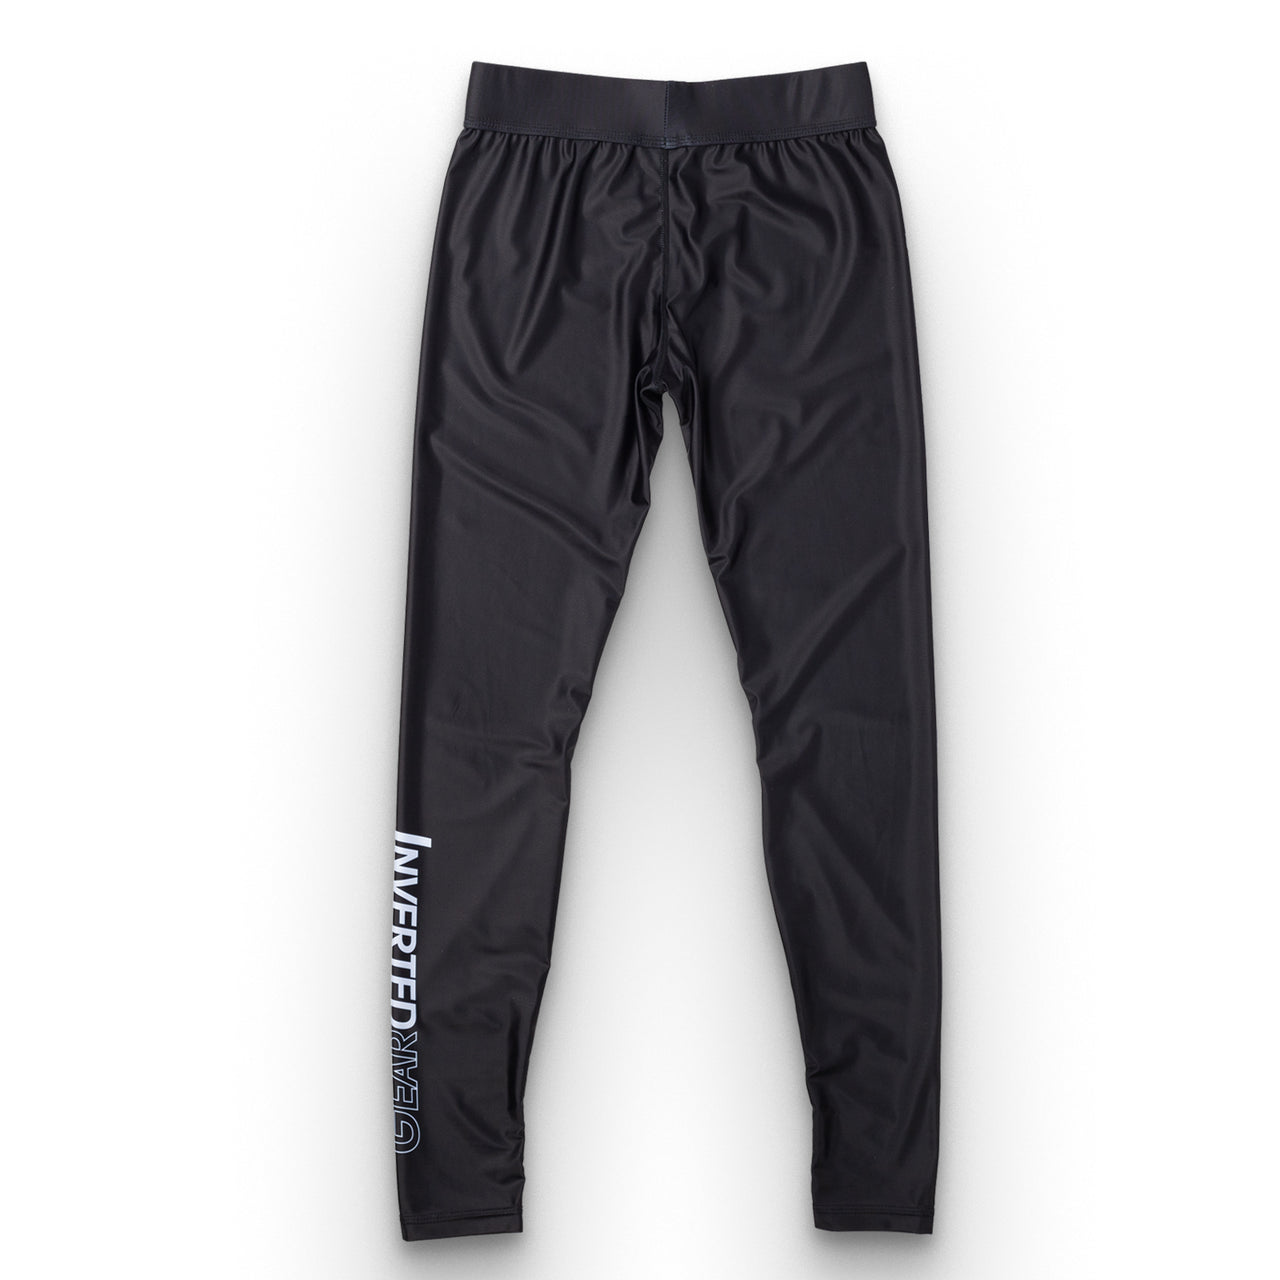 Inverted Gear Spats - Black
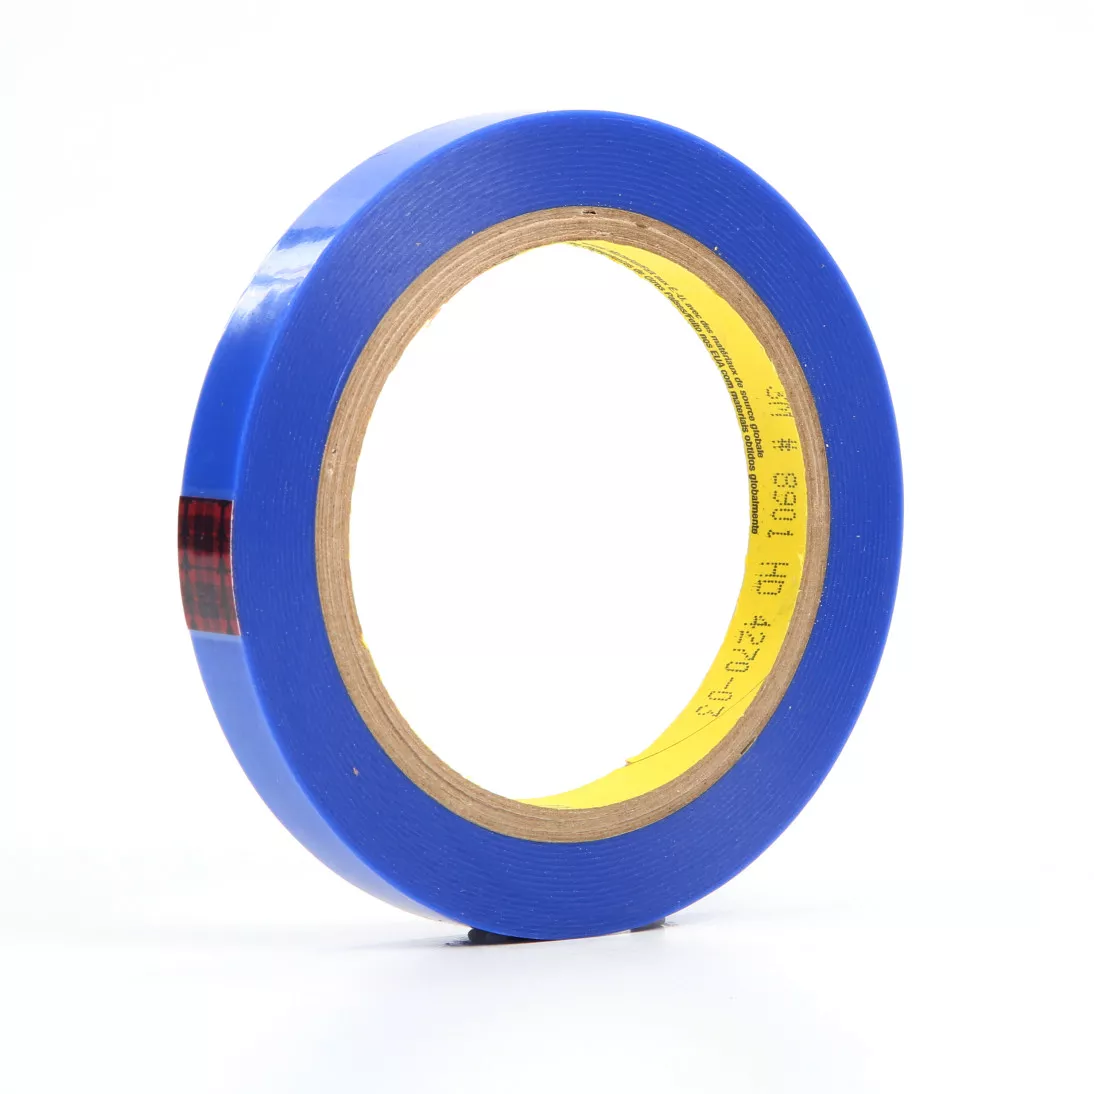 3M™ Polyester Tape 8901, Blue, 1/2 in x 72 yd, 0.9 mil, 72 rolls per
case
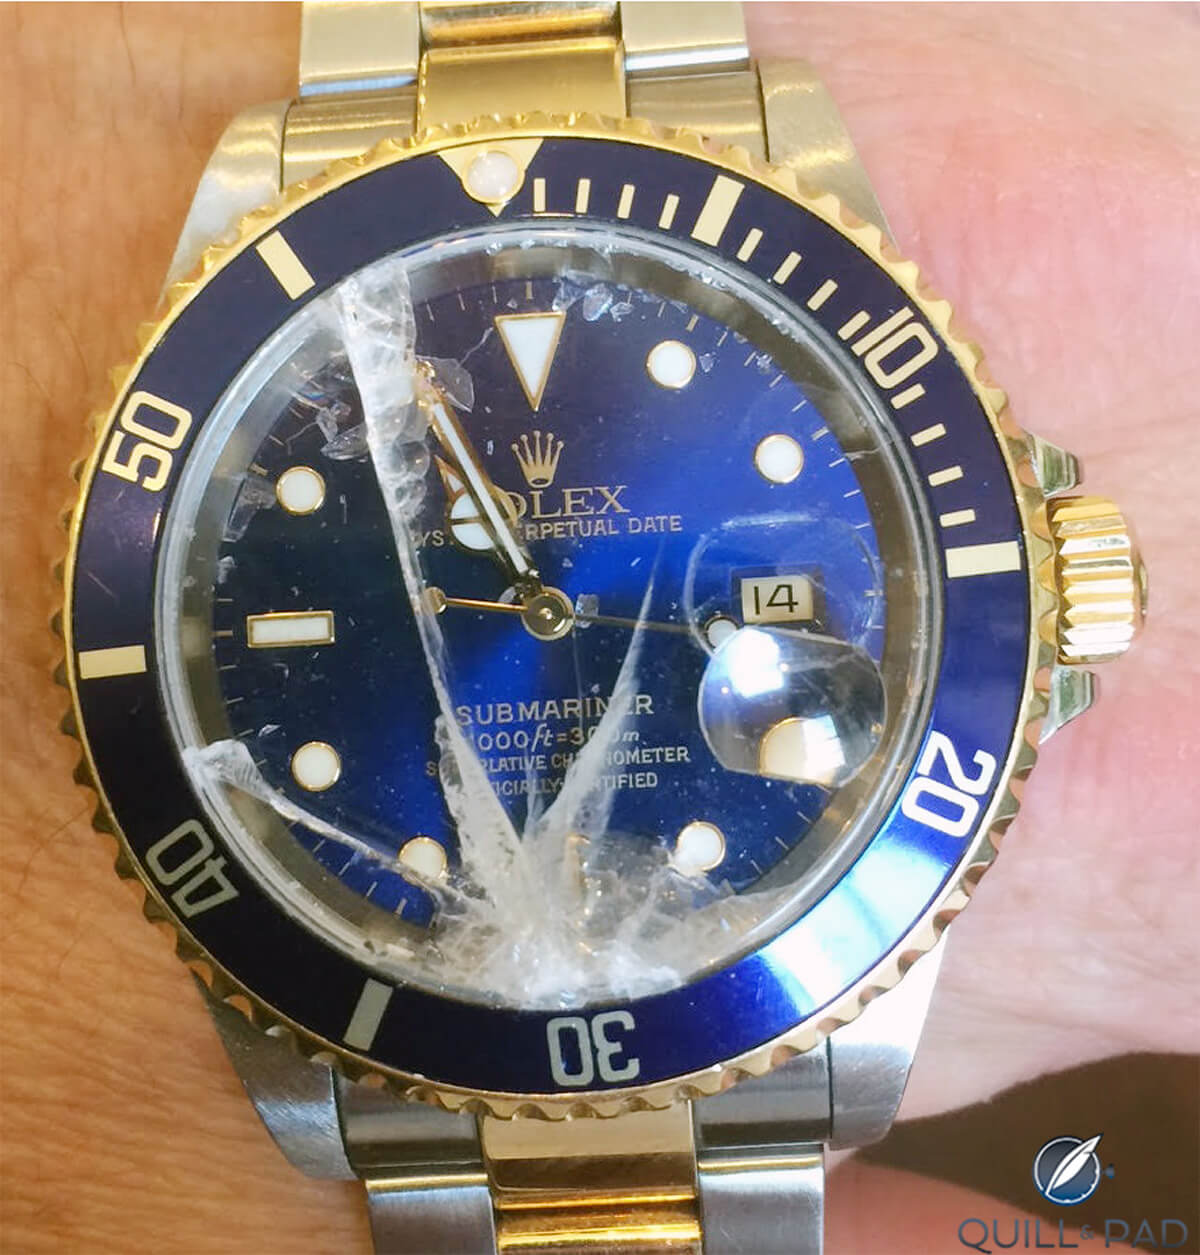 Ouchhh!!! This Rolex Submariner has seen better times

Activity: Please keep every line of the data the same when you reproduce it, and keep every picture out.

Exercise solution:
 Inverted Gear Spats - Black
 3M™ Polyester Tape 8901, Blue, 1/2 in x 72 yd, 0.9 mil, 72 rolls per
case
 Ouchhh!!! This Rolex Submariner has seen better times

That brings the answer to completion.